Training for Long-Distance Cycling Events on ElliptiGO


Since the ElliptiGO workout experience itself is a combination of traditional running and cycling, our training programs for ElliptiGO combine elements from traditional running and cycling training programs. We have created these programs based on our combined experience of training for and participating in several distance events and epic rides.

The high mileage recommendations in traditional cycling programs are often too time-consuming for the average ElliptiGO rider. Over the same distance, an ElliptiGO rider will typically work out more intensely than a conventional cyclist and take longer to cover the same distance. In order to ensure the right level of exertion for proper endurance training, our training programs are built around time or duration of workout rather than strict mileage requirements.

Traditional running programs build in more rest/recovery days and include a longer taper period in the weeks leading up to your event. Because the ElliptiGO is a low-impact form of exercise, you will have the ability to train at a higher intensity more frequently than you would if you were running. In our training programs, you will see more frequent workouts and much shorter taper periods than you would with running programs.

You can select and download a program by distance using the links below.

Ride Your Marathon (26.2 Miles)

Metric Century (100K or 62.1 Miles)

Century Ride (100 Miles)

Download PDF Download PDF Download PDF



Any questions or feedback for Team ElliptiGO about these training programs?
Email us at: training@elliptigo.com

Feeling inspired to train for an event? Please let us know! In some cases, we may be able to offer you some financial support to partially offset your event entry fees. And we're always here to help cheer you on and support you as you work towards your goal. For additional tips and advice on training, please read on below.


General Training Advice for ElliptiGO


Matching Gearing/Cadence To Desired Intensity

It is important to match your cadence and turnover to the desired intensity level of your workout. In general, we suggest the following guidelines for what gears you should be using over various terrain.

8-Speed Models: Use 1-3 for climbing and inclines, use 4-6 for normal riding on flats, and use 7-8 for downhills or for higher-intensity workouts on the flats.

3-Speed Model: Use 1 for climbing moderate inclines; Use 2 for riding on flats; and use 3 for downhills or for higher-intensity workouts on the flats.
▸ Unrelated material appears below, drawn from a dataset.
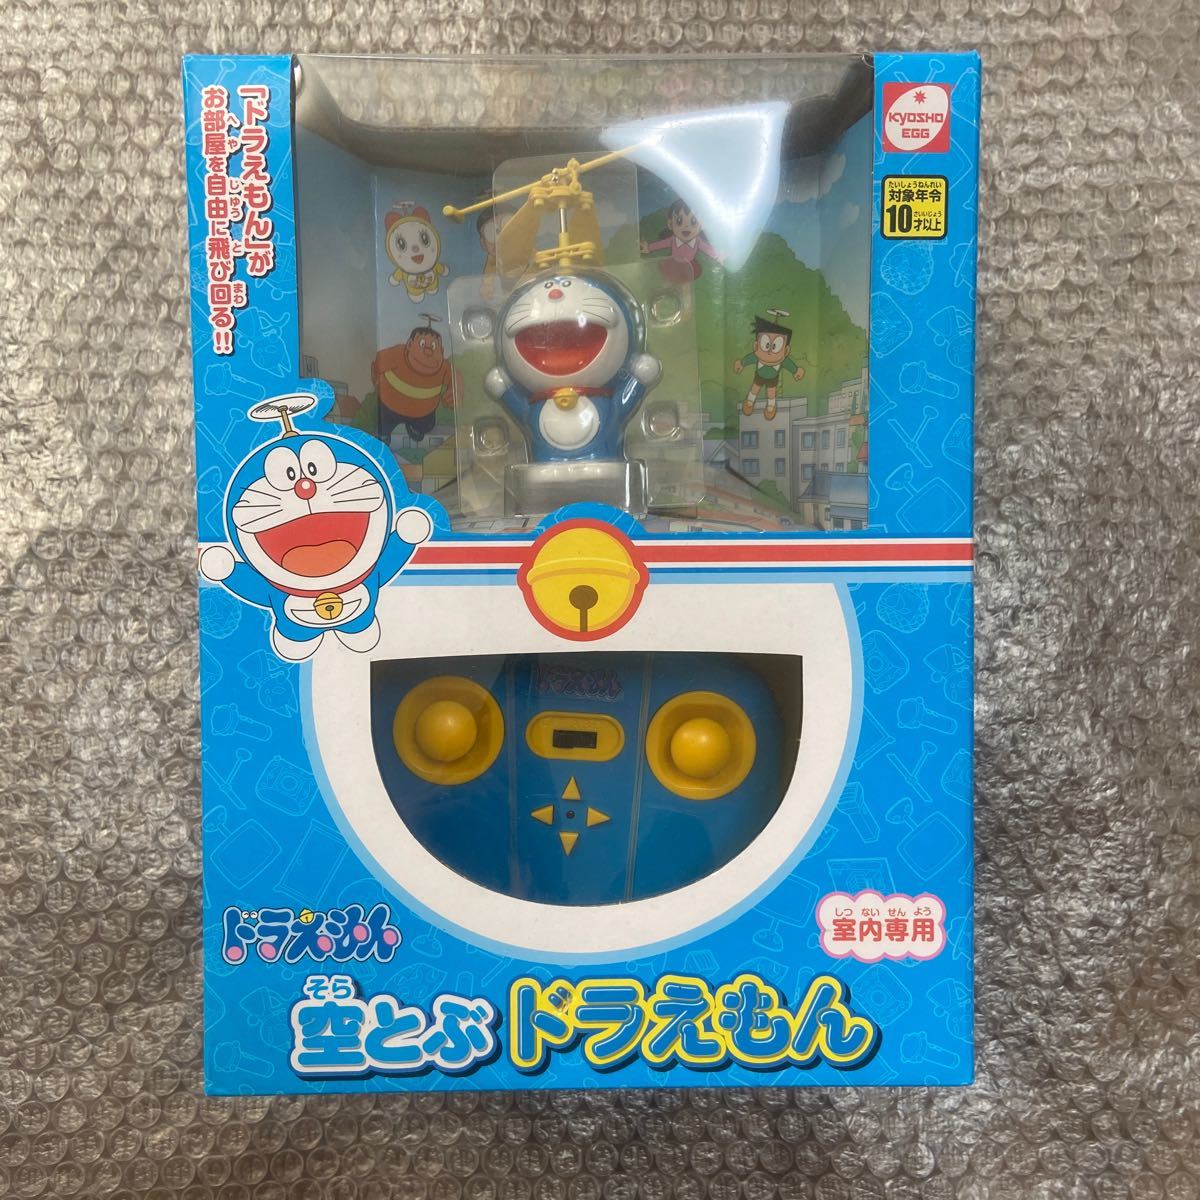 New Sky Tobu Doraemon Radio Concon Concon Kyosho Drone фигура Bandai Helicopter Gyro -датчик Anpanman Display

In general, you want to aim for a range of 65-80 RPM. For more guidance on riding within the ideal cadence range, please click here to download the ElliptiGO Cadence Chart which shows the ideal cadence range across various speeds. A quick turnover or higher cadence will enhance the “running-like” experience of an ElliptiGO workout. You also want to be mindful of what gears you are using on hills/inclines and how that affects the intensity of your workout. Many riders will only be able to climb hills in gears 1 and 2, but others will have the leg strength to use gears 3 and 4 for climbing as well. We recommend experimenting with the range of gears you use on hills and noting how that affects the intensity of your own workout. Then, depending on your training goals and event terrain, you can adjust your training intensity level accordingly.

 

Hydration on the ‘GO

For any ride over one hour in duration, we recommend bringing water or a sports drink with you to hydrate during your workout. Some people may need hydration for any ride over 30 minutes. Experiment to see what works best for you and remember that your needs may change as weather conditions vary throughout the year. In Team ElliptiGO, we mostly use hydration backpacks like those made by Camelbak or Nathan. Hydration backpacks make it really easy to drink while riding. Other people prefer water bottles that they attach to the ElliptiGO stem. In the photo above, Bryan and Erin are carrying hydration packs. In the photo to the right, Steve is riding with a water bottle on the stem.

Nutrition on the ‘GO

The actual calorie burn of an ElliptiGO rider will depend on several factors, such as their weight, pace and the amount of wind resistance the rider is confronting. In general, an ElliptiGO rider will be burning approximately 33% more calories than they would riding a road bike at the same pace. To keep your energy up on rides over one hour in duration, again we recommend bringing some water/sports drink with you to stay properly hydrated. It is also helpful to bring some snacks with you to consume along the way and prevent you from running out of energy and “bonking” during your workout. Bars, energy gels and other typical snacks that runners, cyclists and endurance athletes use work great for ElliptiGO riders too. If you carry your food in easily-accessible hydration packs or running belts that have front pockets, you can even snack while you ride. If you carry your food in a back pocket or are otherwise unable to ride while you eat, make sure you stop at least once every hour to consume your snacks and keep your energy up.